On 07.11.2018 16:55, Miklos Szeredi wrote:
> On Tue, Nov 6, 2018 at 10:31 AM, Kirill Tkhai <ktkhai@virtuozzo.com> wrote:
>> When queue_interrupt() is called from fuse_dev_do_write(),
>> it came from userspace directly. Userspace may pass any
>> request id, even the request's we have not interrupted
>> (or even background's request). This patch adds sanity
>> check to make kernel safe against that.
> 
> Okay, I understand this far.
> 
>> The problem is real interrupt may be queued and requeued
>> by two tasks on two cpus.
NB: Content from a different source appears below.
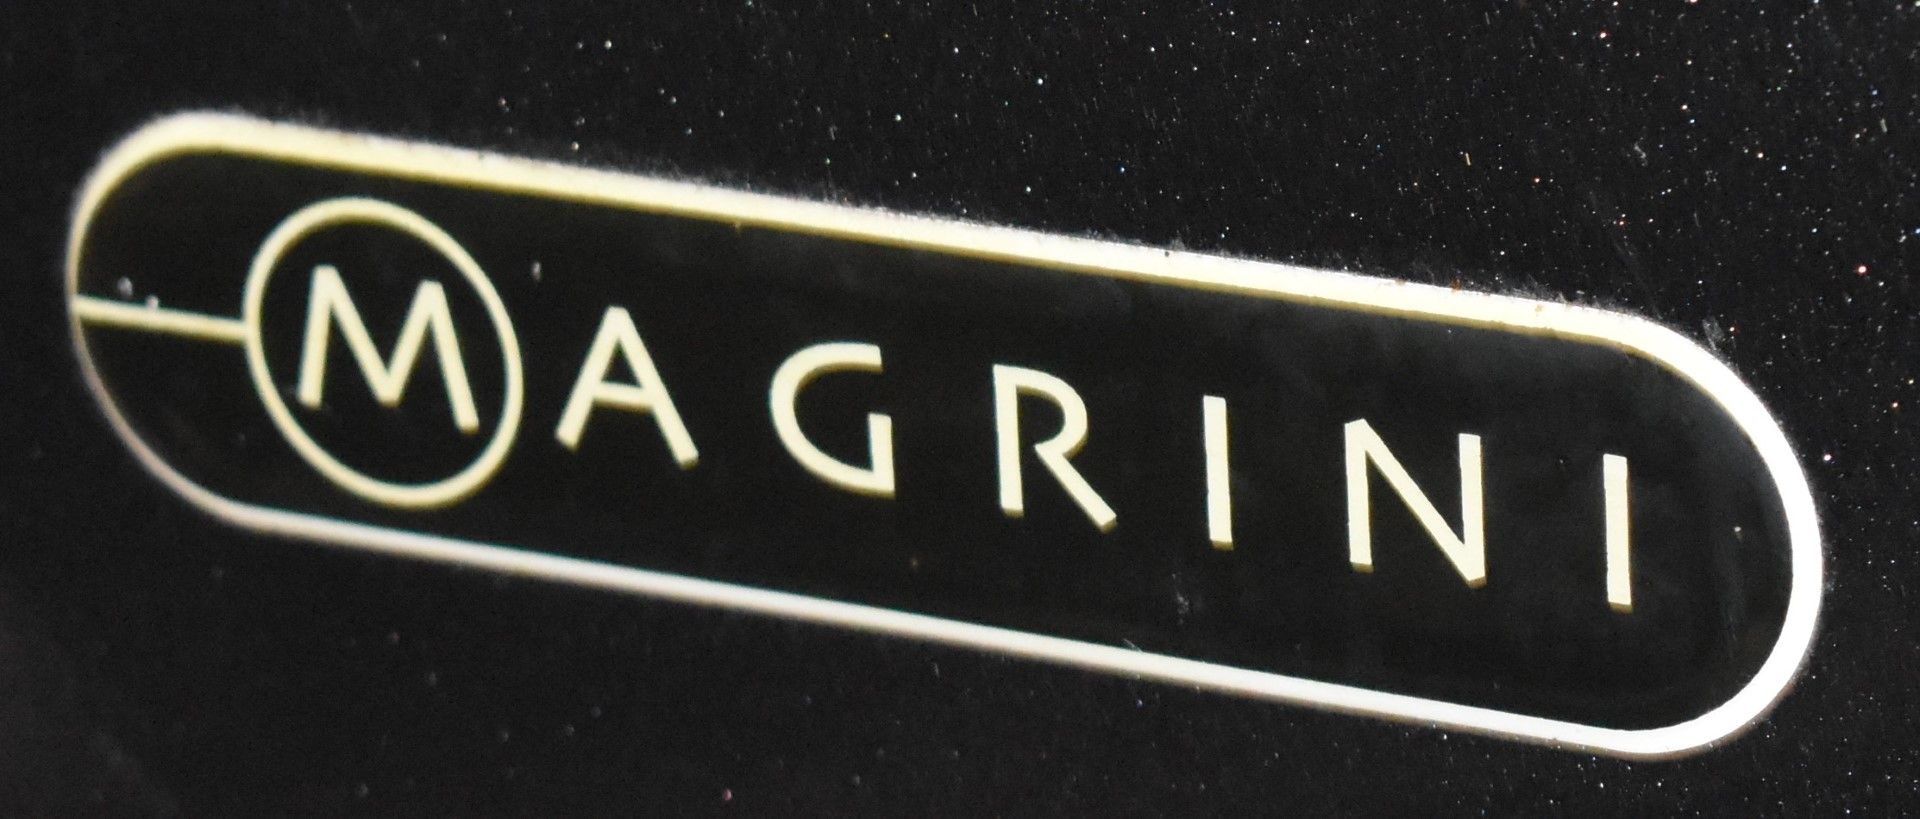 1 x Magrini 3 Group Coffee Espresso Machine With Stainless Steel and Black Finish - H47 x W106 x D57 - Image 3 of 9

This case, the requeuer has not
>> guarantees it sees FR_INTERRUPTED bit on its cpu (since
>> we know nothing about the way userspace manages requests
>> between its threads and whether it uses smp barriers).
> 
> This sounds like BS. There's an explicit  smp_mb__after_atomic()
> after the set_bit(FR_INTERRUPTED,...).  Which means FR_INTERRUPTED is
> going to be visible on all CPU's after this, no need to fool around
> with setting FR_INTERRUPTED again, etc...

Hm, but how does it make the bit visible on all CPUS?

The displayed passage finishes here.